I was still standing staring at the main that looked completely different from usual. The cheerful Utari, turned into a weak and helpless girl. I know at this moment Utari's feelings must be very messed up. Between sadness, heartache, disappointment, feeling lied to, and all the bad feelings of knowing the truth about Yoga.
But why did Utari come here all night with her unwell condition?, could she have come to scold me?, perhaps she came to vent her anger on me, or maybe Utari wants to make a calculation against me?.
If that is the purpose of his arrival, I will accept it with grace and I will listen to his oath of absorbency to me. I made a mistake for not telling the truth from the start. So if Utari comes here to blame me, I will accept and listen to all the insults from her.

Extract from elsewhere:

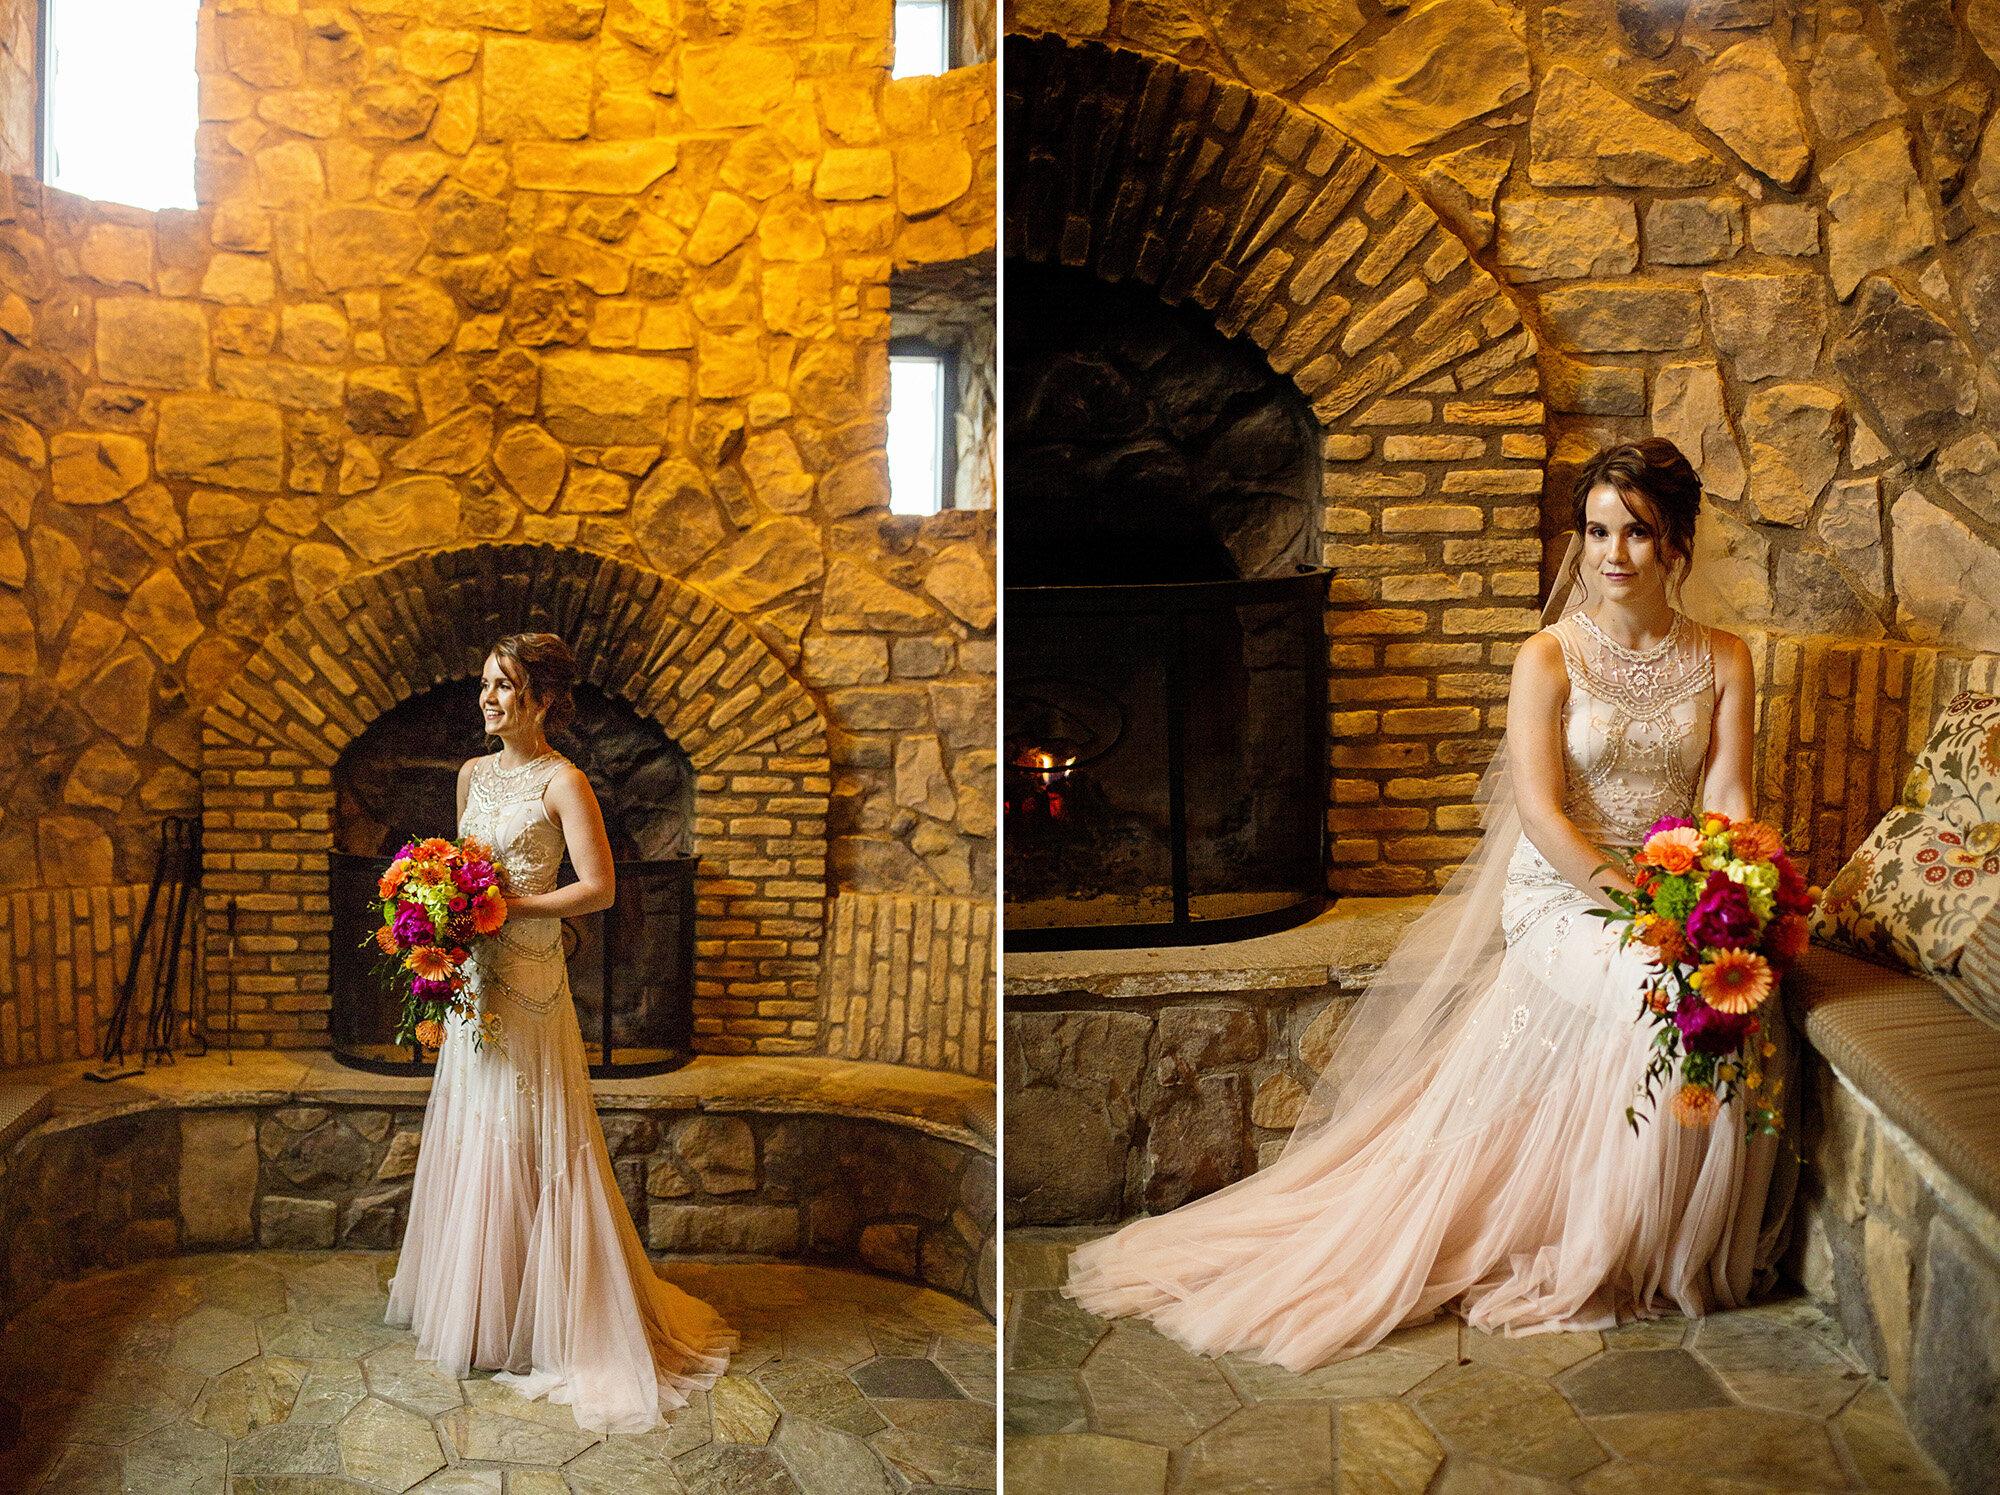 Seriously_Sabrina_Photography_Colorado_Springs_Club_at_Flying_Horse_Destination_Wedding_ODwyer19.jpg

For a few minutes we both stared at each other. None of us spoke. I kept quiet because I didn't know what to talk to her about. Explain also do not know where to start. That's why I can only be silent, actually more precisely I am preparing my heart to receive the outpouring of anger Utari.
But instead of scolding me, I see my back moving up and down while crying. Utari cried until something in front of me without saying a word. I still stood straight in front of her, wanting to hug Utari whom I considered my best friend, but I was afraid that Utari would get angry if I held her.
Maybe now Utari no longer considers me as a friend, but a woman whom she hated so much. Because I'm the cause of all the chaos that's going on. I don't know how it goes with Yoga, I hope their marriage will continue. Utari was disappointed in Yoga.
I used to wish their marriage to be annulled, because I felt sorry for Utari who had been lied to by Yoga and her family. But now Yoga has been honest and told everything, making my expectations different. Now I hope Utari can accept the lack of Yoga, because I know how much she loves Yoga. I hope she can be happy and stay married to the person she loves so much.